On 27 Jan 2014, at 10:38, David Scott <scott.dj@xxxxxxxxx> wrote:
On Monday, January 27, 2014, Anil Madhavapeddy < anil@xxxxxxxxxx> wrote: The BLOCK interface is for IO requests, so reordering in a library makes sense (analogous to elevator algorithms in a conventional stack).
On the Xen ring interface, do we do enough to expose the parallelism? Requests that are written can be acked out of order in the protocol, and it's not clear to me what the block backend actually does. When I was writing it, I seem to remember that responses always seem to come back in the order they were written, which doesn't seem very parallel at all.
Good question.
The userspace grant table interface exposes a "map batch" interface and a corresponding "unmap batch", to amortize the costs of the syscall and potentially the TLB flush (although I bet the user to kernel syscall dwarfs the TLB flush for userspace) At the moment the blkback uses this to the max by mapping the whole ring at once. Unfortunately the requests can't be acknowledged until after the unmap because this confuses the frontend. As a result we pull the requests as a batch and can parallelise within the batch (code currently missing) and they all complete at once. For trivial backends (like a /dev/null) it gets a high throughput. It should improve with indirect descriptors since we'll get a larger batch size.
This all makes sense.
The Ring/Lwt should just work at the moment if requests come in out of order (since there is a id->wakener mapping), and bind will not be a barrier in this case should you do a Lwt_list.map_p.
Yeah.
Btw do you happen to know how POSIX aio works? Does it open the file 'n' times to be able to 'seek' and 'write' from parallel threads? Perhaps mirage-block-unix should implement a pool of open file descriptors per device.

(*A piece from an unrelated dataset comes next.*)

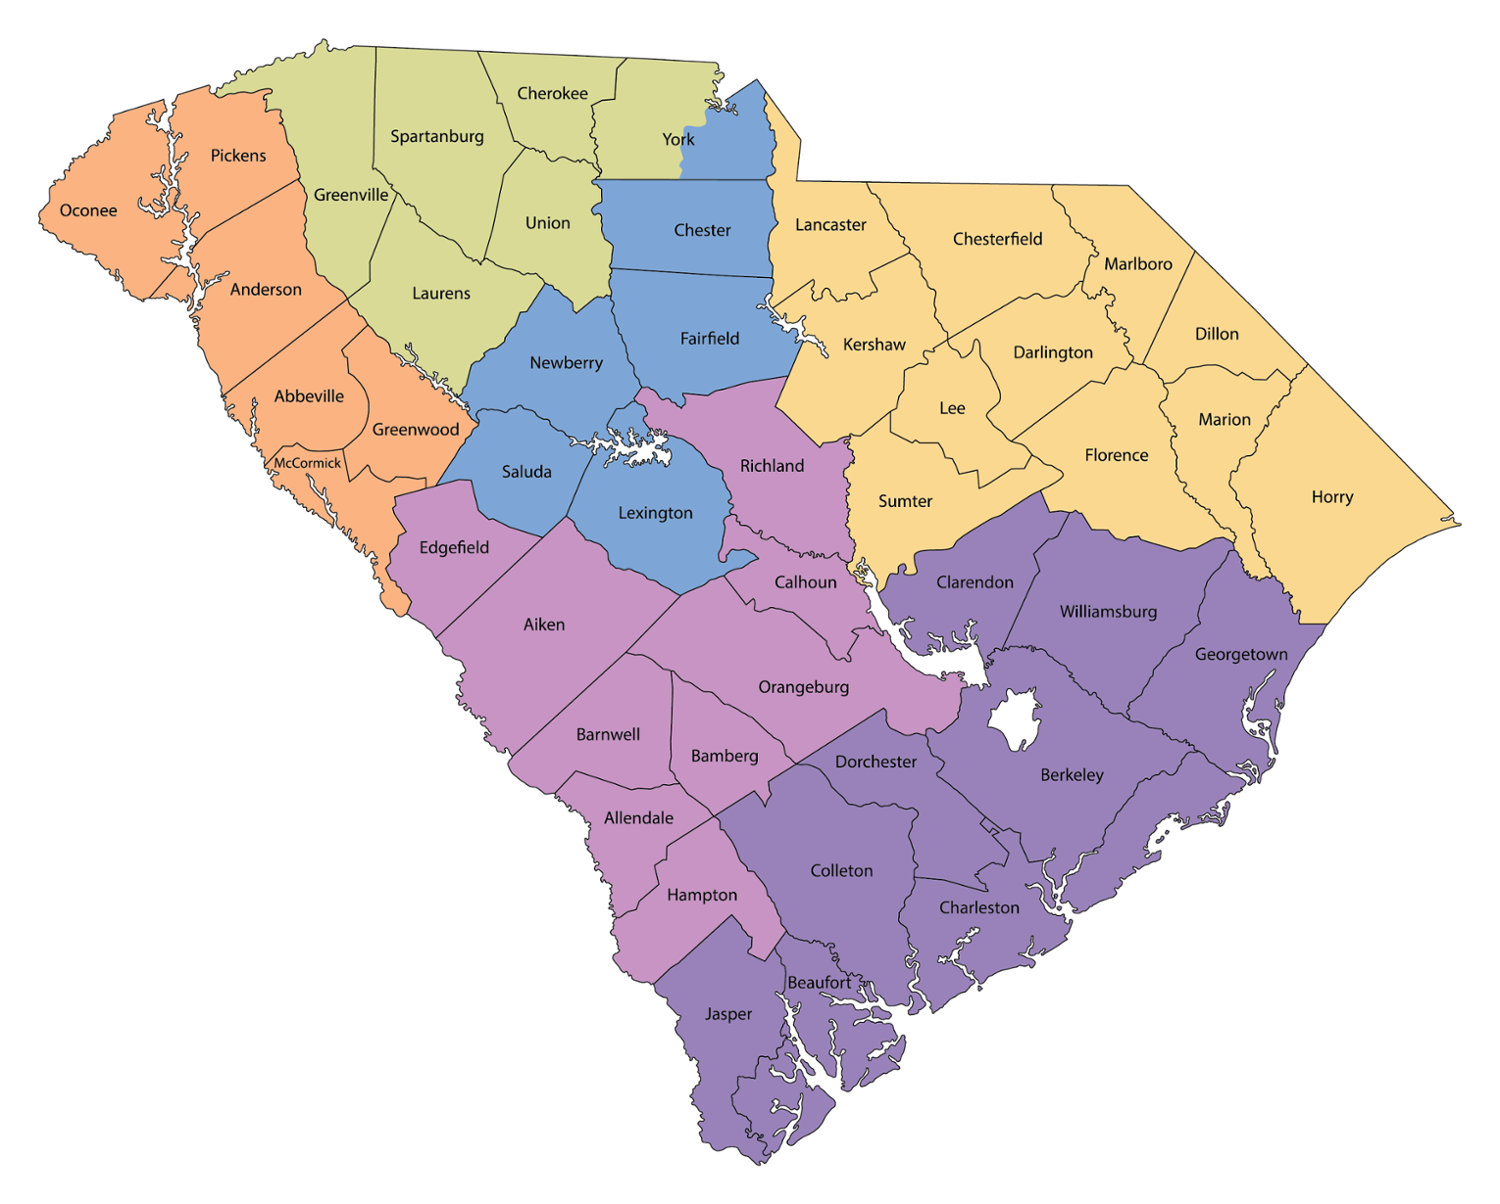 Plant Protection District Specialists Map of South Carolina with regions colored differently, regions defined in text with county responsibilities below each inspectors name.  Abbeville County is Eric Hitzler, Aiken County is Griffin Crider, Allendale County is Griffin Crider,  Anderson County is Eric Hitzler, Bamberg County is Griffin Crider, Barnwell County is Griffin Crider, Beaufort County is Harrison Browder, Berkeley County is Harrison Browder, Calhoun County is Griffin Crider, Charleston County is Harrison Browder, Cherokee County is Ashley Vaughan, Chester County is Ted Zee, Chesterfield County is Nickles Mirmow, Clarendon County is Harrison Browder, North Colleton County is Griffin Crider, South Colleton County is Harrison Browder, Darlington County is Nickles Mirmow, Dillon County is Nickles Mirmow, Dorchester County is Harrison Browder, Edgefield County is Griffin Cride, Fairfield County is Ted Zee, Florence County is Nickles Mirmow, Georgetown County is Harrison Browde, Greenville County is Ashely Vaughan, Greenwood County is Eric Hitzler, Hampton County is Griffin Crider, Horry County is Nickles Mirmow, Jasper County is Griffin Crider, Kershaw County is Nickles Mirmow, Lancaster County is Nickles Mirmow, Laurens County is Ashley Vaughan, Lee County is Nickles Mirmow, Lexington County is Ted Zee, Marion County is Nickles Mirmow, Marlboro County is Nickles Mirmow, McCormick County is Eric Hitzler, Newberry County is Ted Zee, Oconee County is Eric Hitzler, Orangeburg County is Griffin Crider, Pickens County is Eric Hitzler, Richland County is Ted Zee, Saluda County is Ted Zee, Spartanburg County is Ashley Vaughan, Sumter County is Nickles Mirmow, Union County is Ashley Vaughan, Williamsburg County is Harrison Browder, York County is Ted Zee.

Note that POSIX AIO and the Linux libaio are different. POSIX aio basically uses userspace threads to simulate blocking I/O, and is probably not that different from what Lwt_unix does (via Lwt_preemptive). I'm not sure there would be a lot of benefit in going down this route.
The kernel aio (via io_submit) is the one that is scheduled directly within the kernel and (last I checked) requires O_DIRECT.
-anil |